Reindex does not honor http.max_content_length: "500m",


(Cynosureabu) #1

Reindex from 2.4 to 6.5, batch size is 200
http.max_content_length: "500m",
but still receive exception:

{"error":{"root_cause":[{"type":"illegal_argument_exception","reason":"Remote responded with a chunk that was too large. Use a smaller batch size."}],"type":"illegal_argument_exception","reason":"Remote responded with a chunk that was too large.

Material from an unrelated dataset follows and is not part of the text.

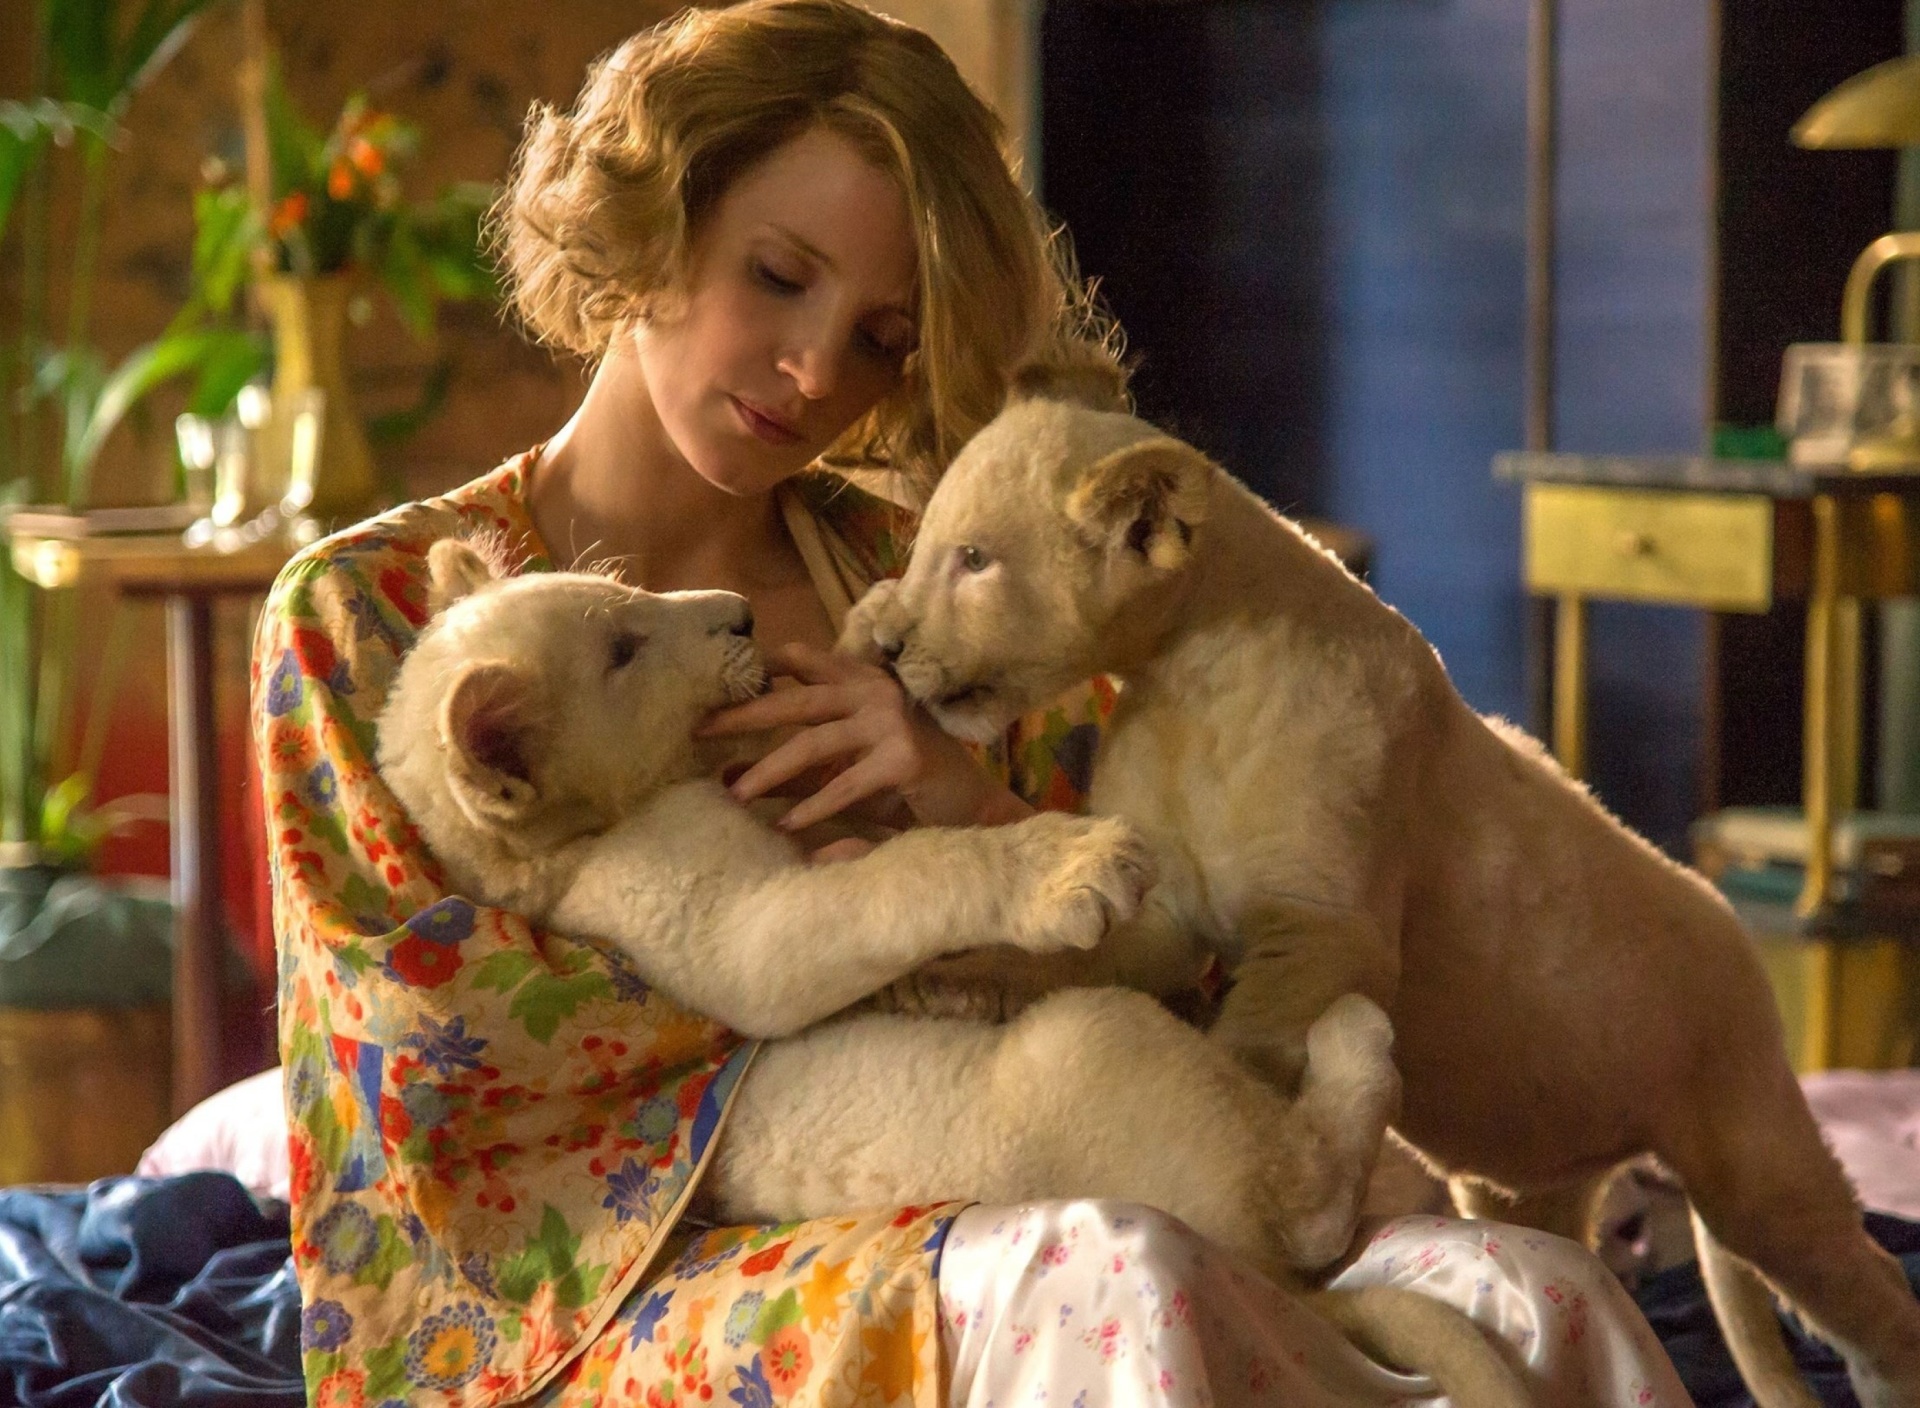 Sfondi The Zookeepers Wife Film with Jessica Chastain 1920x1408

Use a smaller batch size.","caused_by":{"type":"content_too_long_exception","reason":"entity content is too long [114048163] for the configured buffer limit [104857600]"}},"status":400}

Any other config i could use? or its a bug?


(Nik Everett) #2

I believe we intentionally did not make this configurable though I don't have much memory of what me-from-two-years-ago was thinking. The http.max_content_length setting is about the server's HTTP implementation while the reindex-from-remote setting isn't really the same thing.

That 100mb limit mostly exists to prevent taking up a ton of memory during the process. That 100mb is copied a few times by reindex-from-remote because it has to build index requests and shuffle them off to the appropriate place.

Generally we recommend using a smaller batch size or skipping the large documents explicitly. I'm aware this isn't super friendly though.


(Cynosureabu) #3

Got it.
IMHO ,this should become configurable. As when I am doing reindex, I mostly try to copy data to my new cluster. Our machines has 64G memory, so a default 100M is really too small.